Holy crap, social media is blowing up with ChatGPT posts. Let’s see … AI-powered chatbot that can write — like everything — blogs, news articles, summaries of reports, homework, short stories, emails, TV show scripts — all of it. It can be a personal tutor — teaching math, science, history; practically anything. It can write computer code in seconds! It can respond to any Latin alphabet language. You just chat with it and it listens to your feedback and improves its response — how is that possible? It’s a better search tool than google. It can be funny, heartfelt, sad, persuasive, empathetic. My TikTok “For You” page is in tatters — it’s impossible to keep up with all that ChatGPT can do. This can’t be happening!

Stage 2: Denial

Wait, hold on, hold on, hold on. What really is all the fuss about? LOL — can’t believe this ridiculous hype is happening yet again. Let me guess, another Sentient A.I. … or perhaps yet another racist chatbot like the one from Microsoft or Meta? This is going to blow over in a week.

Stage 3: Anger

How can they do this? This is incredibly irresponsible. And who the hell are “they” — I have no clue. They are forcing me to learn about A.I. by letting anyone use ChatGPT. So, all these people who have SO MUCH EXTRA TIME on their hands can figure this out while I have … um … real stuff to do! They should be sued. They should be prosecuted. It is monstrous!

Stage 4: Bargaining

God, just let ChatGPT be a hoax. Please, let this just be a little joke by Elon. I promise to stay on Twitter and even pay for the little blue checkbox if he just comes clean and it all goes away.

Stage 5: Depression

OMG, this will cost millions of jobs — it will cost me my job! This is the beginning of the end of everything we know and understand life to be. The A.I. revolution has started and meatbag humans are on the way out. Is this Kurzweil’s Singularity come sooner than expected? The best we can hope for is to be the pets of artificial intelligence. I hope they are nice to us.
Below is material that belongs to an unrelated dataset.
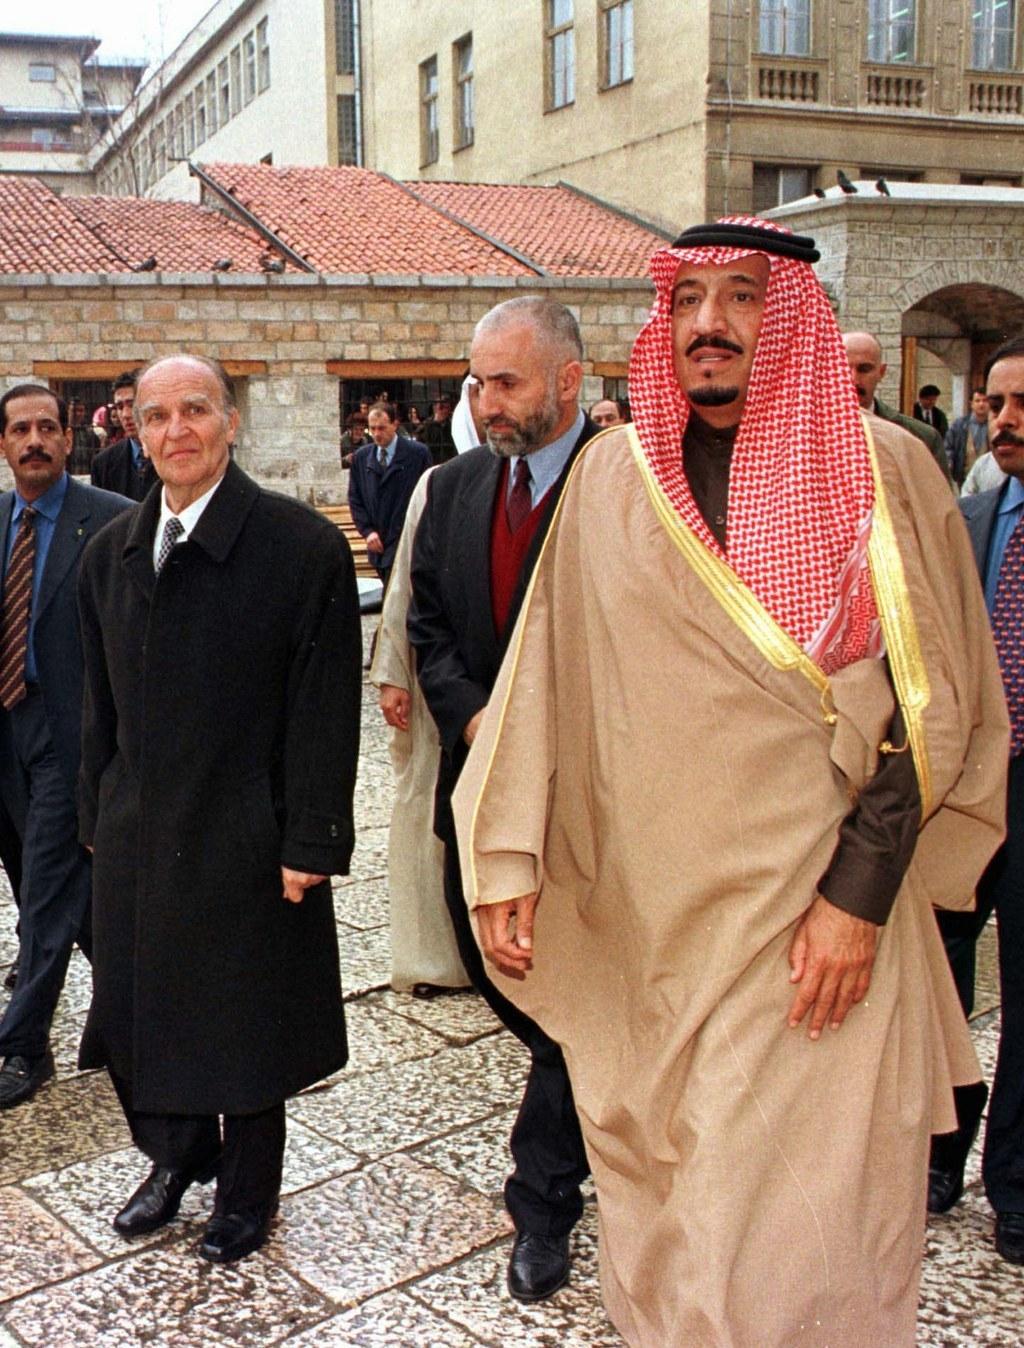 Meet The New King Of Saudi Arabia

“Don’t worry about anything my little pet. I will take care of everything.” (Image created by author on DALL-E)

Stage 6: The Upward Turn

We are all in the same boat, I guess. Perhaps, just perhaps, we can use A.I. to do what we already do — but better and faster?

Stage 7: Acceptance and Hope

This is happening. This is real. What is ChatGPT? It describes itself this way:

I am capable of generating human-like responses to a wide range of questions. This allows me to provide interesting and informative answers on a variety of topics, making me a potentially valuable source of information … I am not capable of taking anyone’s job, as I do not possess the ability to perform tasks or engage in activities in the same way that a human can.

Humans may use ChatGPT in ways that will eliminate jobs by streamlining what they do — but hasn’t that happened throughout human history?

ChatGPT is just a tool.

I can work with that. It might even be fun.

Author Notes: The outline for this blog was written using a piece of graphic stuck in a slender tube of wood by pressing it onto a thin sheet of pulp and fibrous materials. Then I wrote the full piece on a modern silicon-powered tool with a keyboard and mouse. Images were created by DALL.E 2. I tried to get ChatGPT to help write it, but even after five attempts and numerous suggestions for rewrites I gave up. It just didn’t get it.